FIG. 5B is now described. For atomic memory instructions sent across the P-C address channel 303, the incoming address data 515 is received by the address data input logic 516, sent along a communication link 517 to the address data output logic 518, and then resent as outgoing address data 519 across the C-M address channel 205.

A macro memory instruction sent across the macro memory instruction channel 202 as an incoming macro memory instruction 520 is received by macro memory instruction input logic 521 and then sent along a communication link 522 to the processing logic 510. The processing logic 510 then generates one or more of the atomic memory instructions for the corresponding sequence of atomic memory instructions, along with the memory address and data (if applicable, as described earlier) for each.

The generated address for the atomic memory instruction is sent along a communication link 523 to the address data output logic 518 to be sent as outgoing address data 519 across the C-M address channel 205. The address data output logic 518 sends the outgoing address data 519 reasonably concurrently to the sending of the outgoing atomic memory instruction 529 and outgoing memory data 505 (if applicable).

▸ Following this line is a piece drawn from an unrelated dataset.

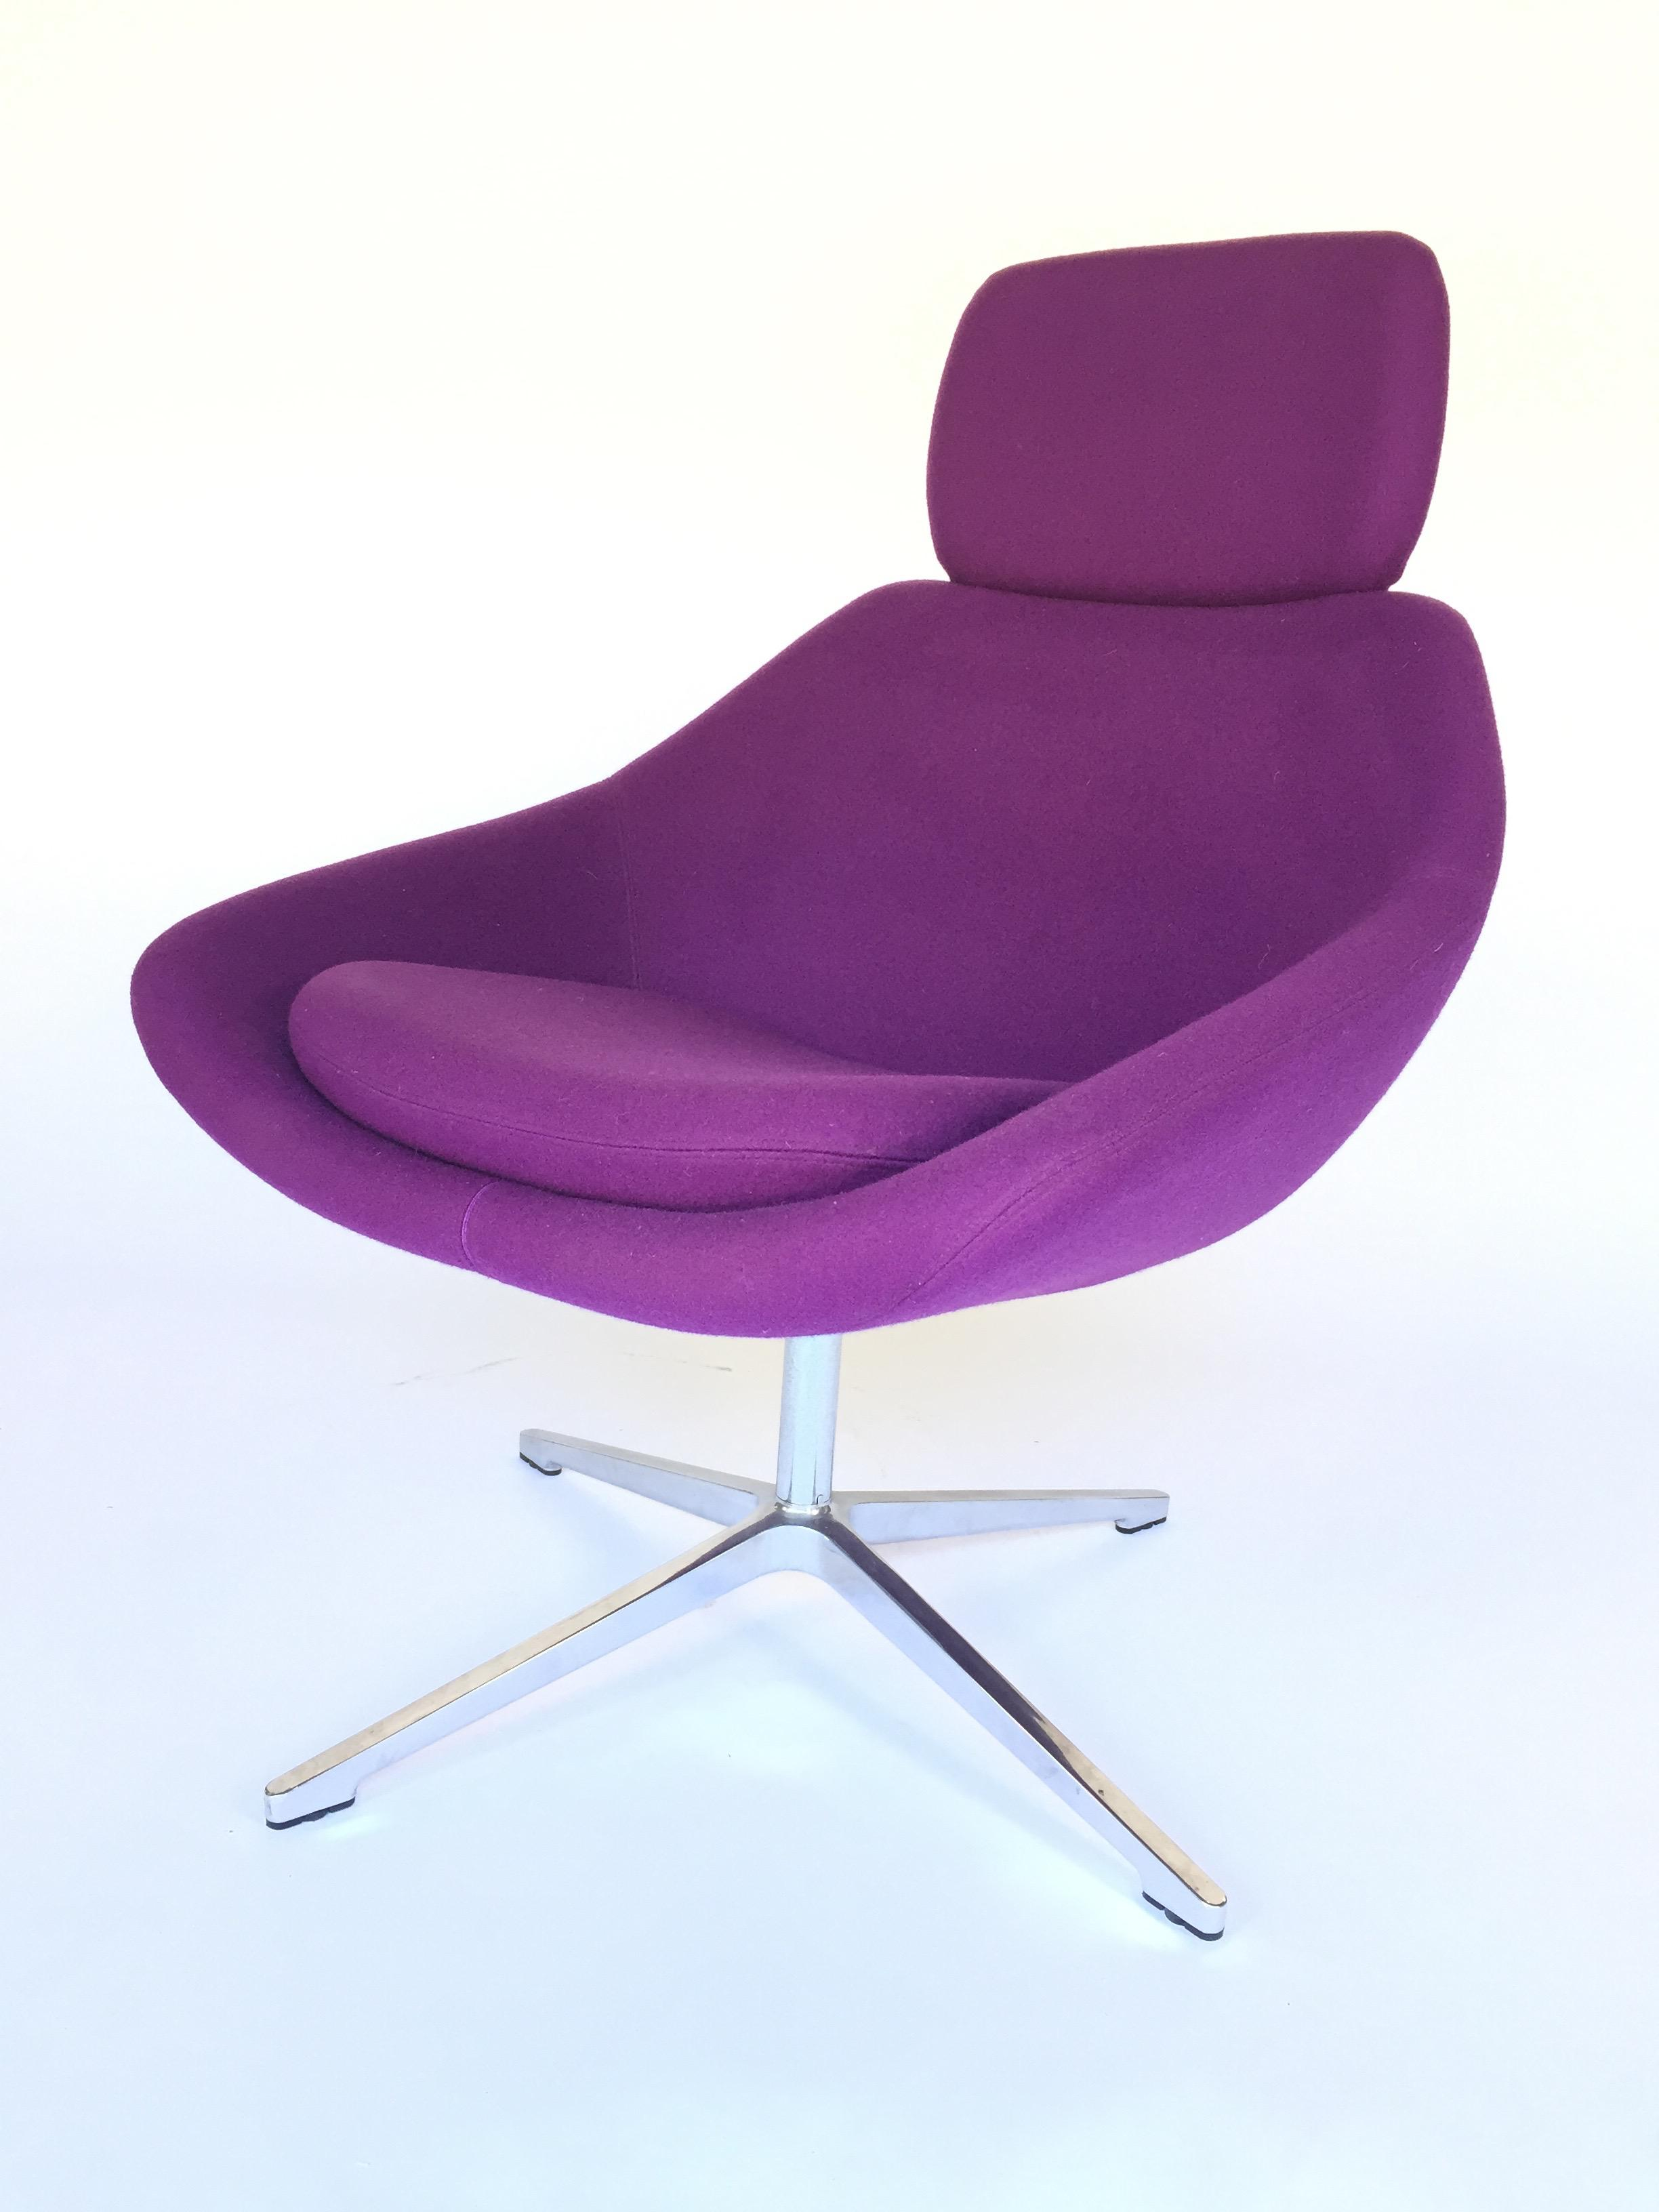 Bon Mid Century Modern Allermuir Purple Swivel Chair For Sale   Image 3 Of 6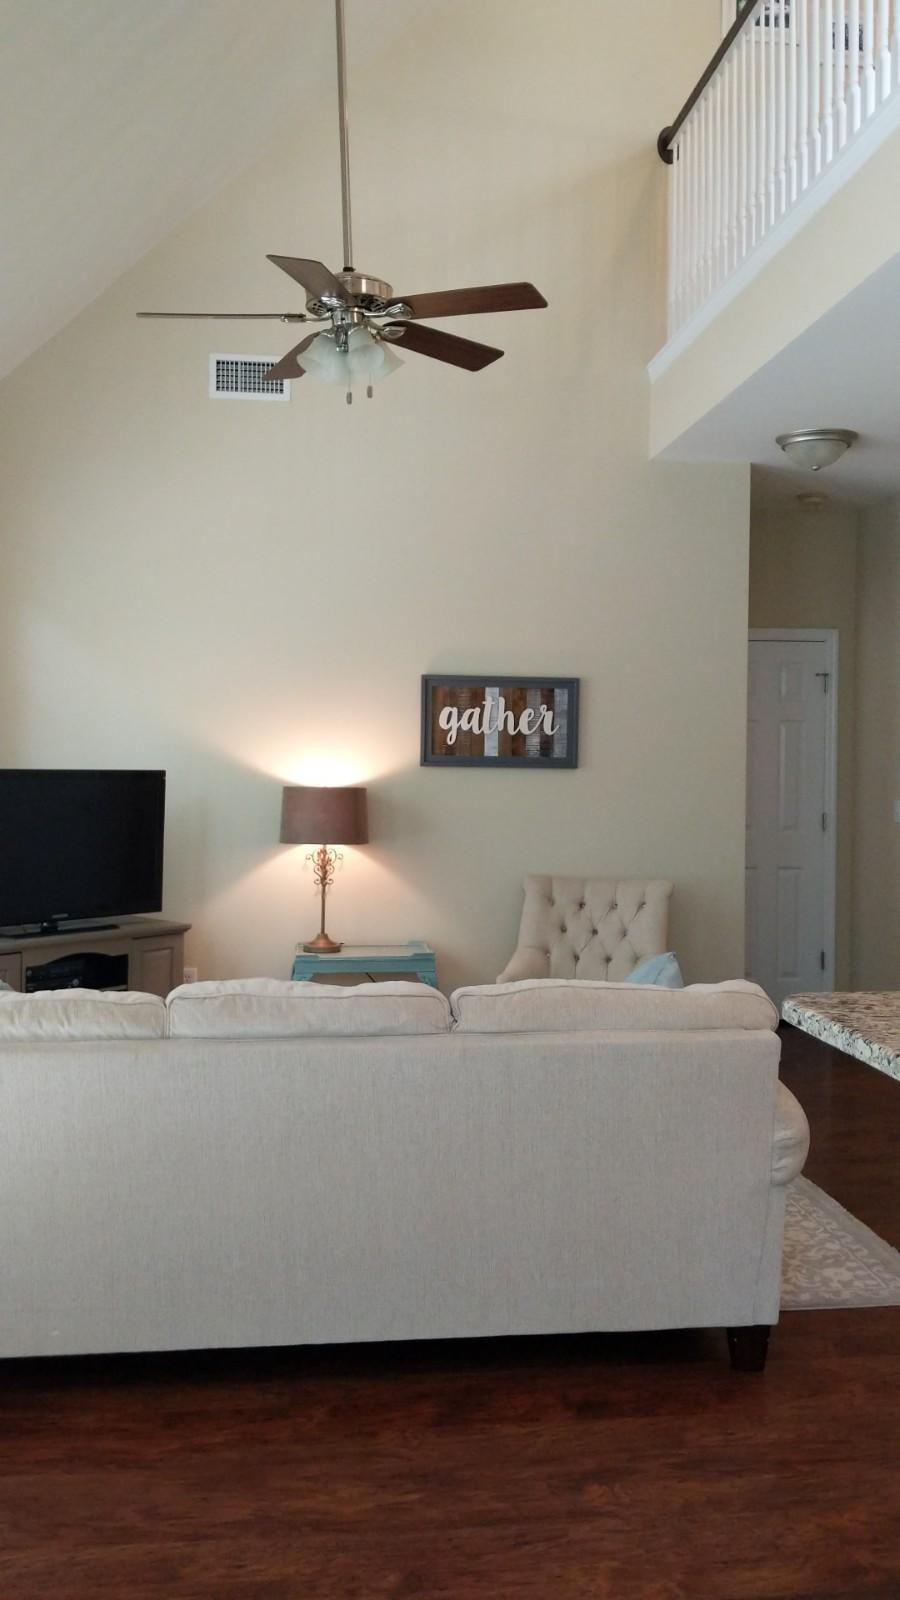 Park West Homes For Sale - 1337 Heidiho, Mount Pleasant, SC - 14

The generated atomic memory instruction is sent from the processing logic 510 along a communication link 524 to atomic memory instruction output logic 528 to be sent as an outgoing atomic memory instruction 529 across the C-M atomic memory instruction channel 206. As stated earlier, this is also done reasonably concurrently with sending the outgoing address data 519 and the outgoing memory data 505 (if applicable). For the case where the processor 301 sends an atomic memory instruction to the intelligent memory controller 307 along the P-C atomic memory instruction channel 304, the incoming atomic memory instruction 525 is received by the atomic memory instruction input logic 526. The atomic memory instruction is then sent along a communication link 527 to the atomic memory instruction output logic 528, where it is resent as an outgoing atomic memory instruction 529 across the C-M atomic memory instruction channel 206.

As shown in FIG. 5C, upon completing the execution of an atomic or macro memory instruction, the processing logic 510 may inform the interrupt-handling logic 533 by sending data across a communication link 534. The processing logic 510 also sends to the processor data output logic 513 (see FIG. 5A) any applicable return value to be sent to the processor as previously disclosed. The interrupt-handling logic 533 then sends an interrupt request along a communication link 535 to the interrupt output logic 536, which sends it as an outgoing interrupt request 537 across the interrupt channel 305.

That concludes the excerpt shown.